When the voltage gains of the 34 double-balanced differential amplifiers are transmitted in a state where they are equal to each other, the terminals T3 and T4, which are the outputs of the second signal transmission circuit 102, have a difference of Δθ with respect to the reference input voltage applied to the input terminal A. The signal with a phase difference of . By controlling terminals S2 and S3 with control voltages, the voltage gain of the double-balanced differential amplifier of transistors Q31 to Q34 is controlled, and the second signal transmission circuit 10
Controls the phase characteristics of 2. .

In the above embodiments/examples, the first signal transmission circuit simply has an input terminal connected to the first input terminal of the phase comparator circuit, and the second signal transmission circuit is a feedback circuit.
This may also be the opposite configuration. Alternatively, a feedback signal having an opposite phase to the output signal of the low-pass filter applied to the second signal transfer circuit may be provided to the first signal transfer circuit so that both circuits constitute respective feedback circuits.

〔Effect of the invention〕

As explained above, the present invention does not use a conventional voltage-controlled oscillator, but simply provides the first and second signal transfer circuits and controls the transfer function of one or both of them. I in L? M detection can be achieved. Therefore, since the present invention does not require a voltage controlled oscillator, it has the effect of eliminating various drawbacks caused by the conventional voltage controlled oscillator and providing an FM detector that operates stably.
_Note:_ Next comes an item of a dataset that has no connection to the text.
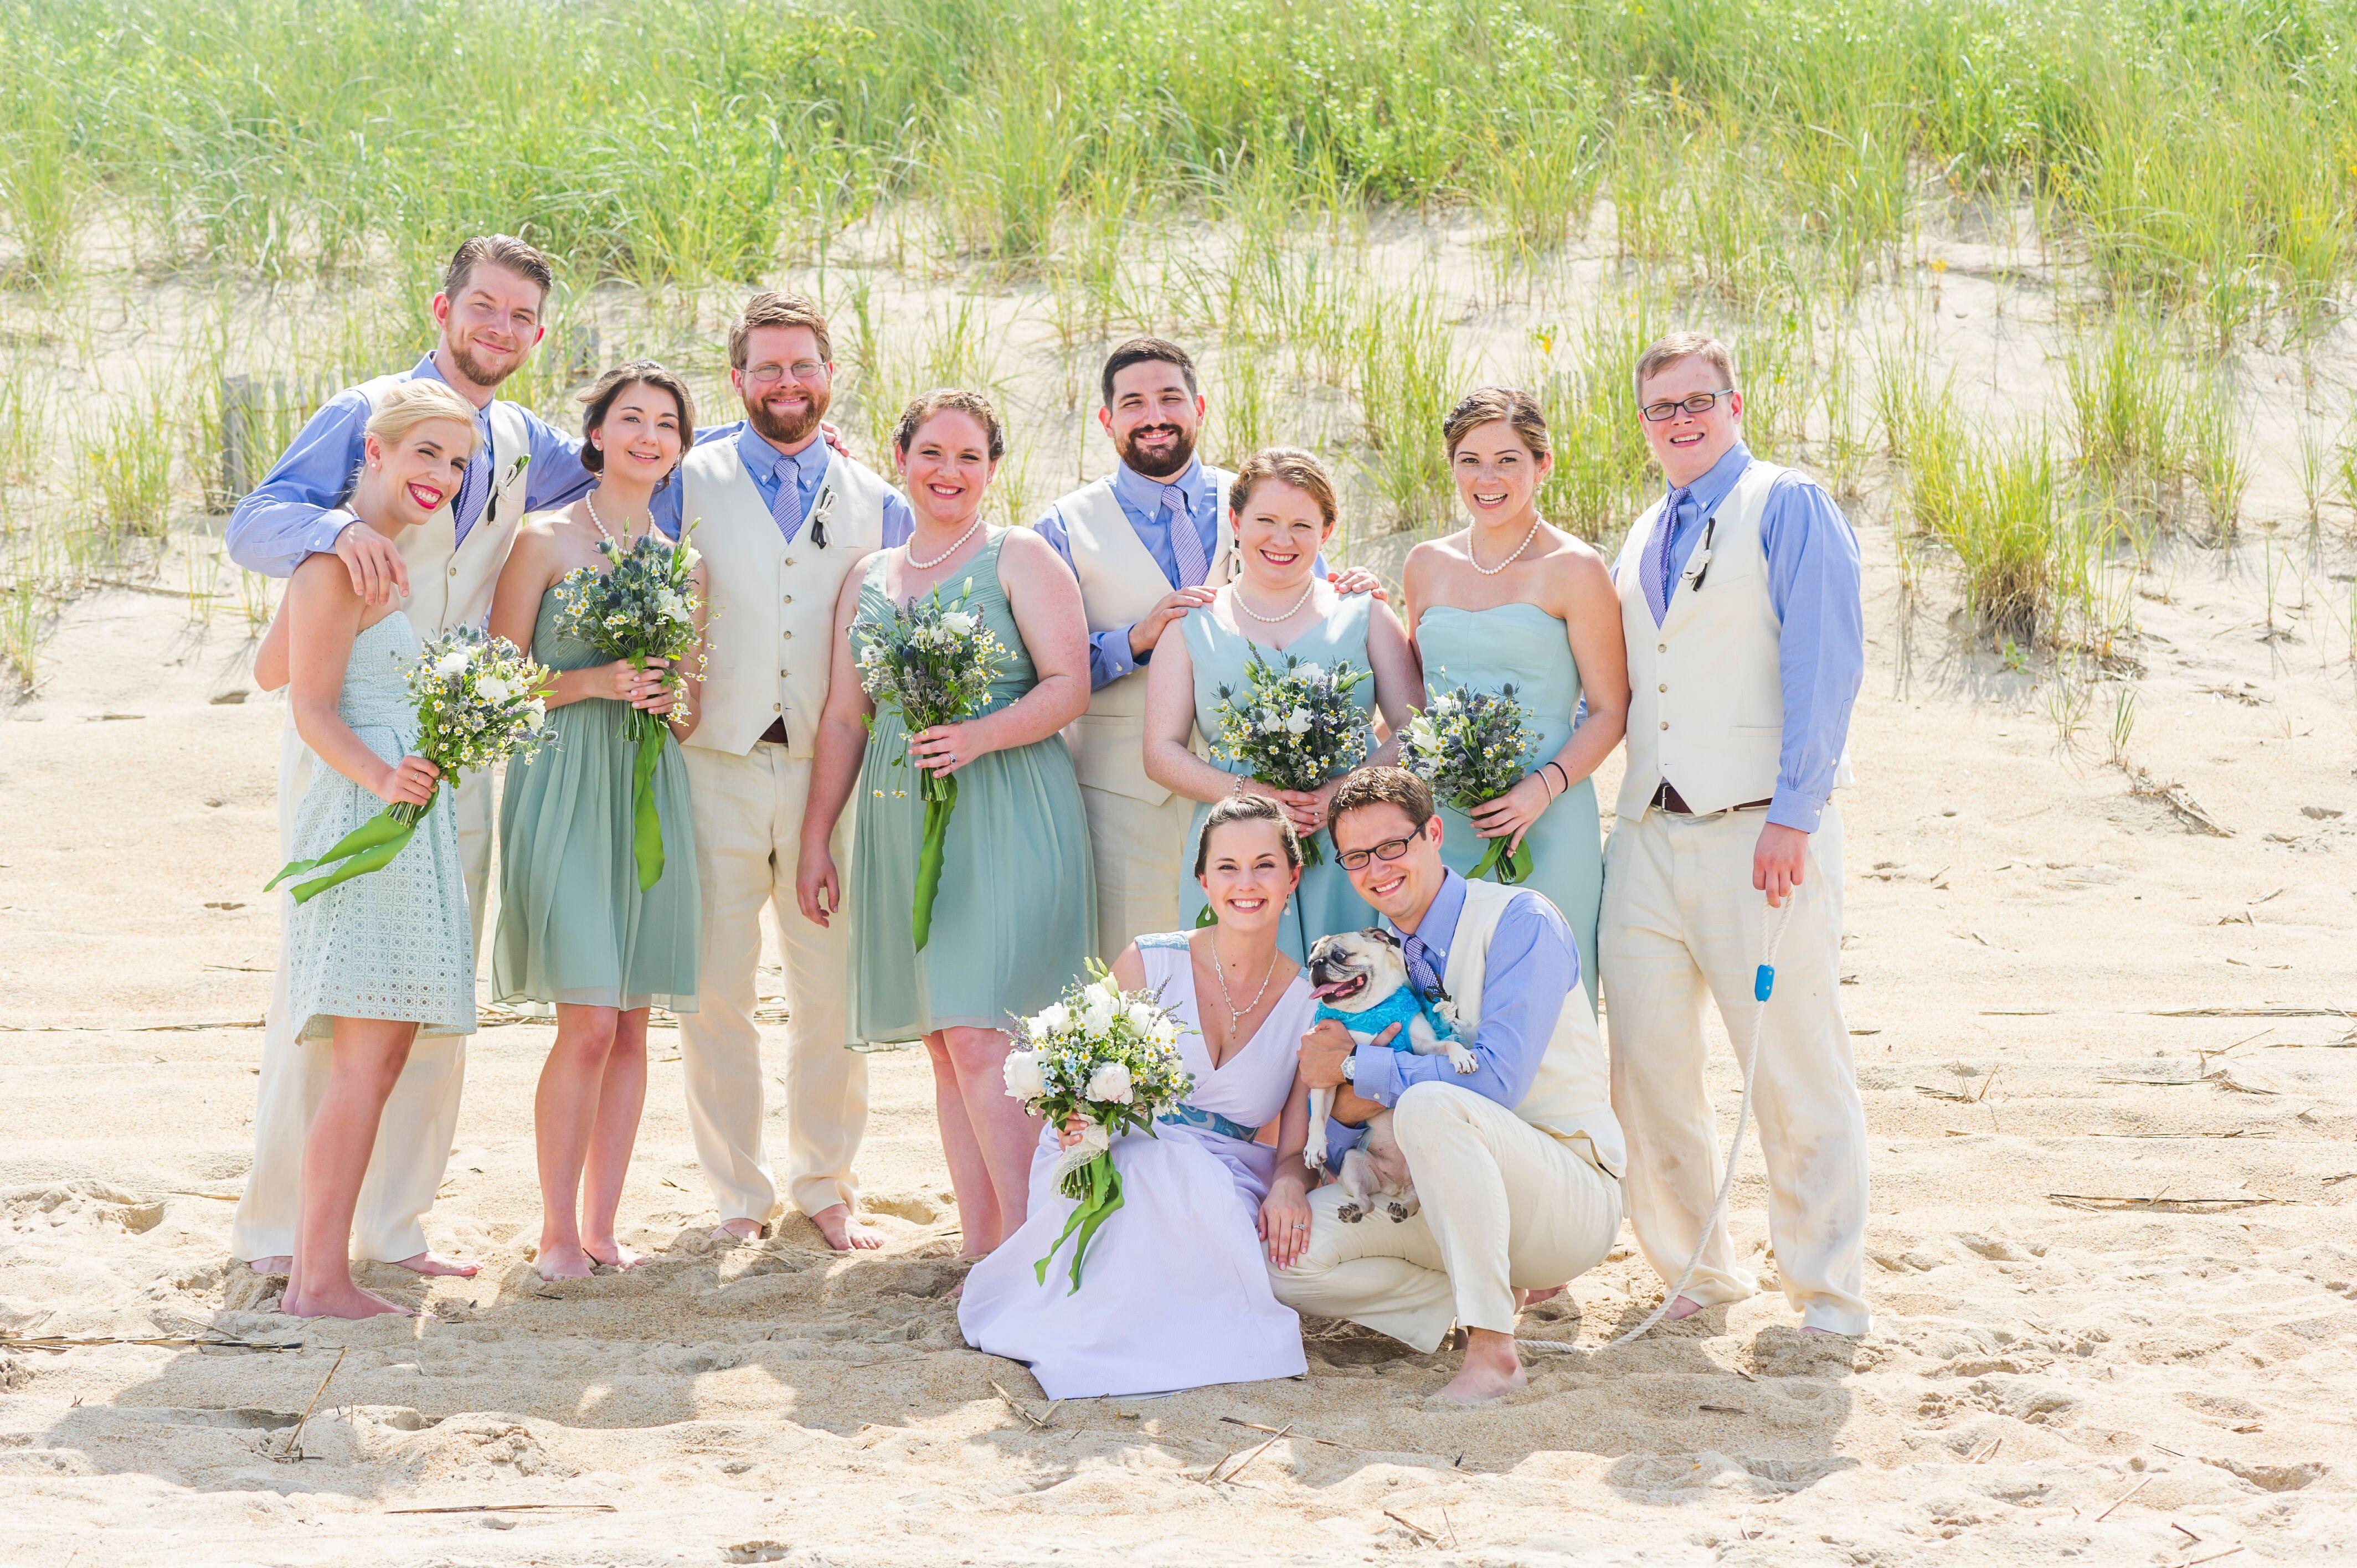 J.Crew Mint Seaglass-Inspired Bridesmaid Dresses
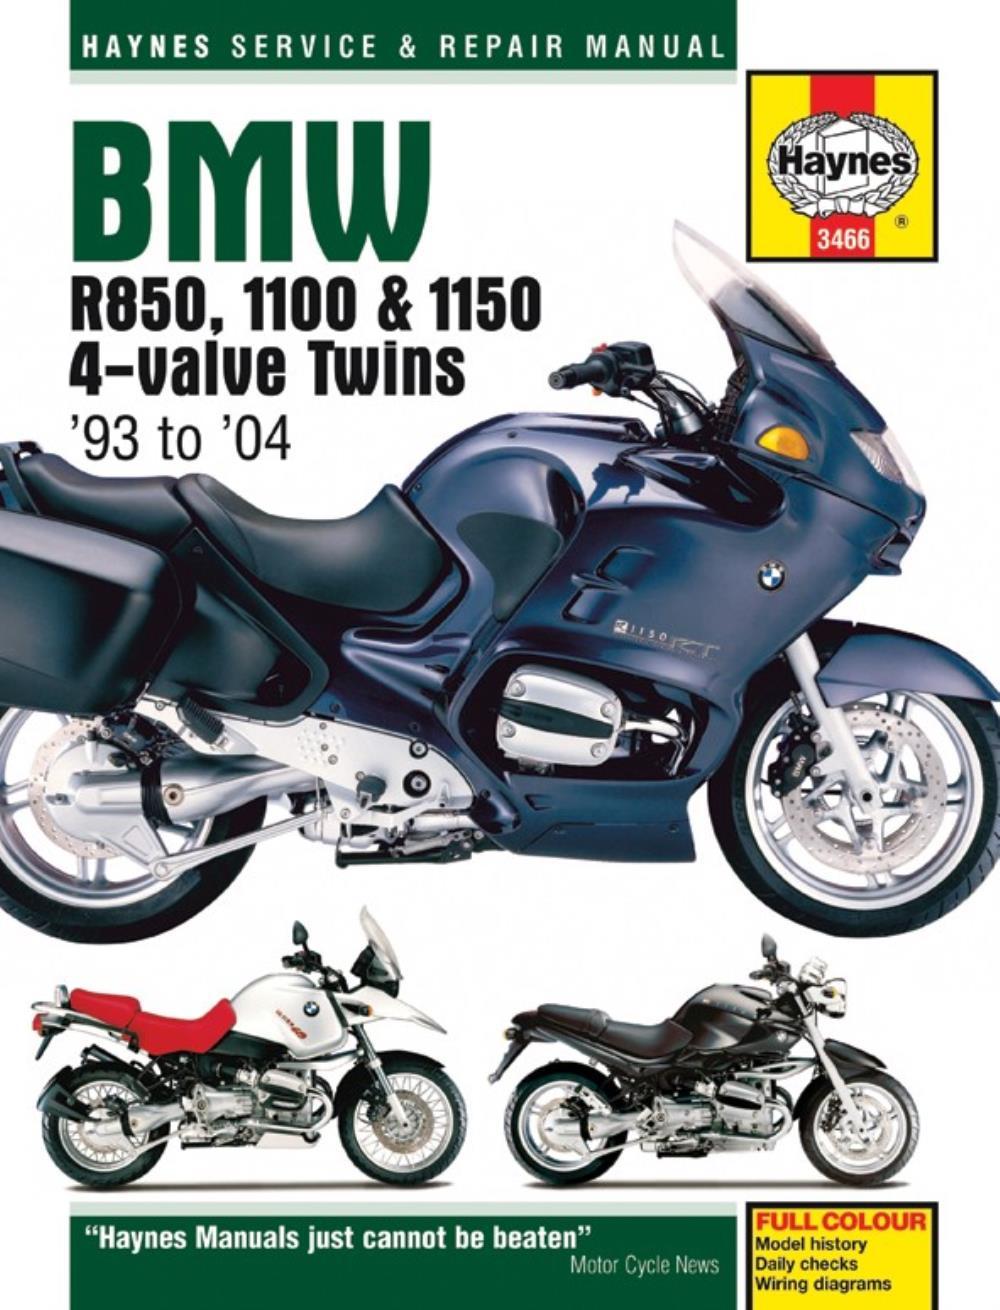 Manual Haynes for 1998 BMW R 1100 S

[Brief explanation of drawings]

FIG. 1 is a circuit diagram showing the basic configuration of an embodiment of the present invention. 2 and 3 are voltage phase frequency characteristic diagrams of the second signal transmission circuit of FIG. 1. FIG. 4 is a characteristic diagram of the variable capacitance element shown in FIG. FIG. 5 is a circuit diagram showing an example of the phase comparator shown in FIG. 1. FIG. 6 is a circuit diagram showing an example of the low-pass filter of FIG. 1. FIG. 7 is a signal circuit diagram showing an example of the second signal transmission circuit of FIG. 1. FIG. 8 is a block diagram showing a conventional example. 101...First signal transfer circuit, 102...Second signal transfer circuit, 103.103a...Phase comparator, 1
04.104a...Low pass filter, 105.1.05a
...Amplifier, A...Input terminal, B...First input terminal, C...Second input terminal, CI, C2, C11,
CI2, C31, C32...Capacitor, DI, D2
...variable capacitance element, F31...ceramic resonator,
101.131, I32... Constant current source, ■, 1...
Inductor, P...output terminal, R1-R3, R11,
R12, R31-R37...Resistor, Sl...Control terminal, T1-T6, S2, S4...Terminal, ■...Reference voltage application terminal, VCC...Power supply terminal, Q1-Q12,
Q31 to Q34, Q41, Q42...transistors.

Claims (1)

[Claims] (1) In a phase-locked FM detection circuit that includes a phase comparator and a low-pass filter connected to its output, a first signal that is connected to the input terminal and provides the first input of the phase comparator. a transmission circuit; and a second signal transmission circuit connected to the input terminal and providing a second input of the phase comparator, and at least one of the first and second signal transmission circuits is connected to the low An FM detection circuit characterized in that the frequency transfer characteristic thereof is changed by the output signal of a band pass filter.